Submerged Arc Welding is a process which requires a continuously fed, consumable, solid or tubular (metal cored) electrode.

The molten weld is protected from atmospheric contamination by being ‘submerged’ under a blanket of granular flux consisting typically of lime, silica, manganese oxide, calcium fluoride and other compounds.

When molten, the flux becomes conductive and provides a current path between the electrode and the work piece. In suitable applications, SAW can achieve high deposition rates however root passes are generally not achievable.

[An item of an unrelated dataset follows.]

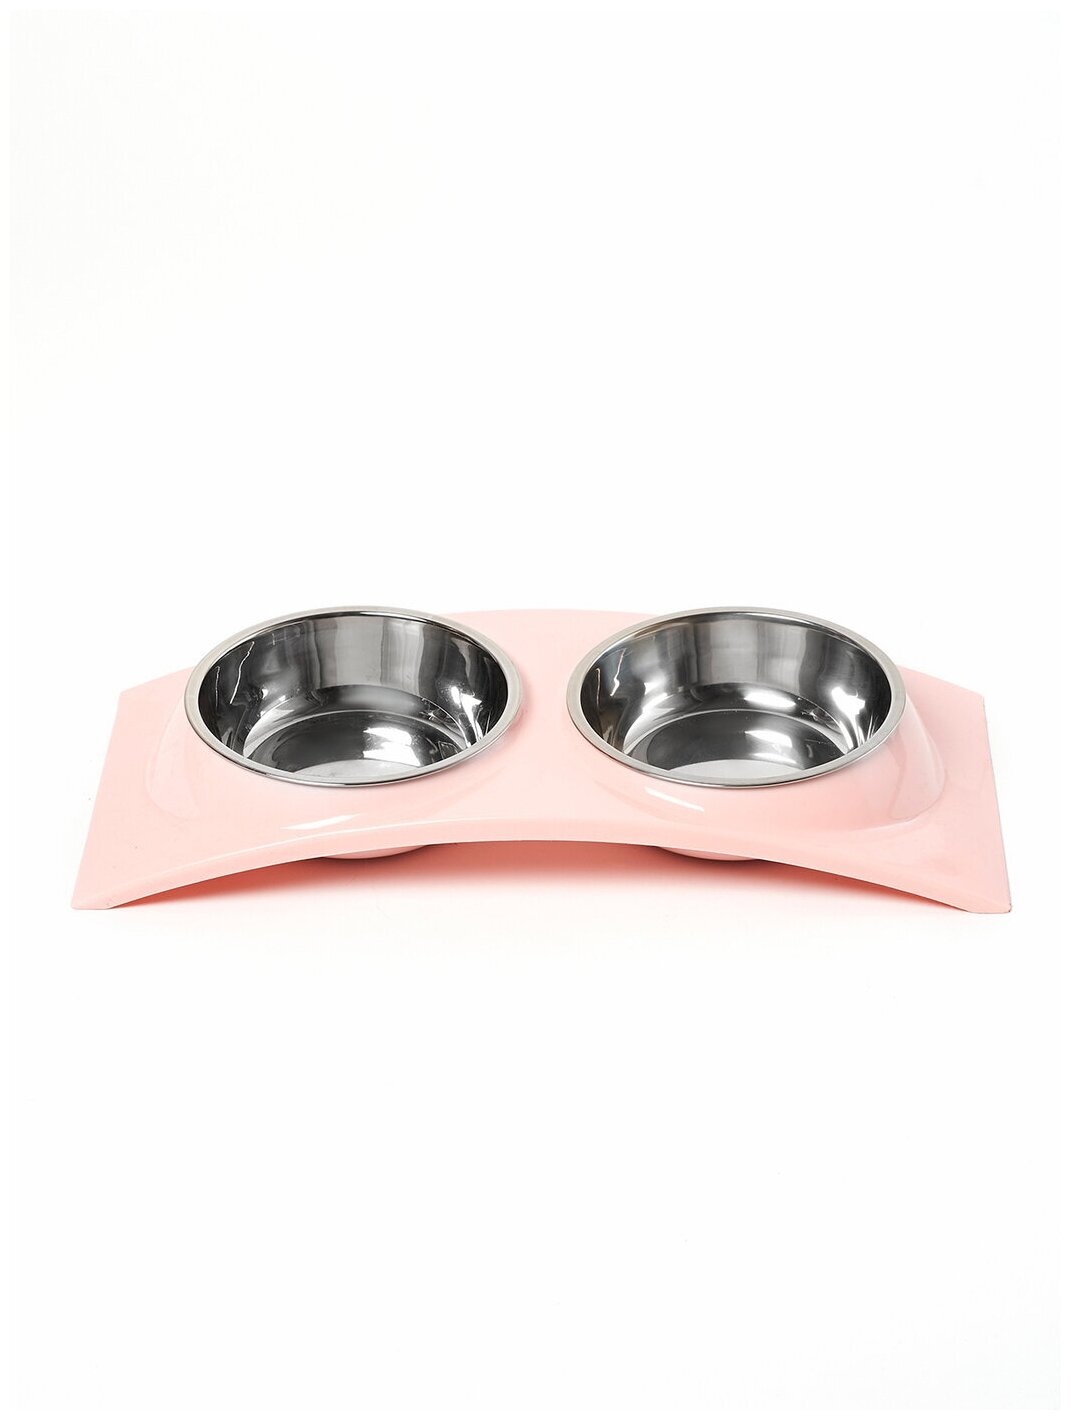 Миска для животных для кошек и собак двойная на подставке, "Любимое лакомство 1", цвет: розовый, 38 см х 16,5 см х 5 см
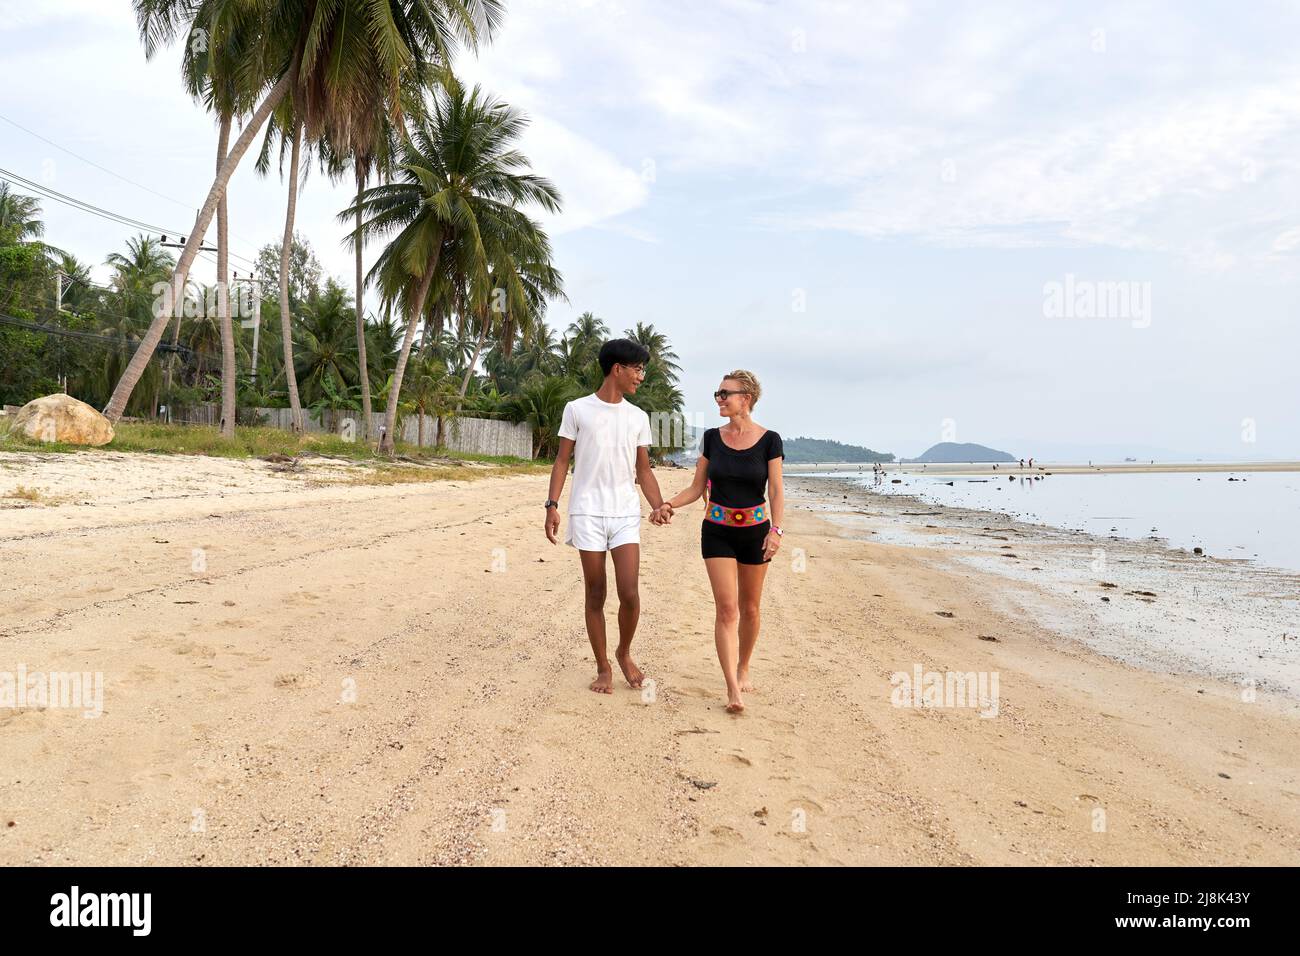 Coppia multietnica camminando insieme in una spiaggia di sabbia tropicale Foto Stock

By contrast, the K-TIG process has no consumables, requires no flux handling systems, creates no flux or slag residues, requires no inter-pass and post-weld slag removal and provides a high quality root bead.

 

Consumables have been slashed. In most applications, we’ve eliminated wire completely.
Attila Szabo, Principal Joining Engineer, GE

The Benefits of Switching

How does K-TIG overcome the issues of SAW Welding?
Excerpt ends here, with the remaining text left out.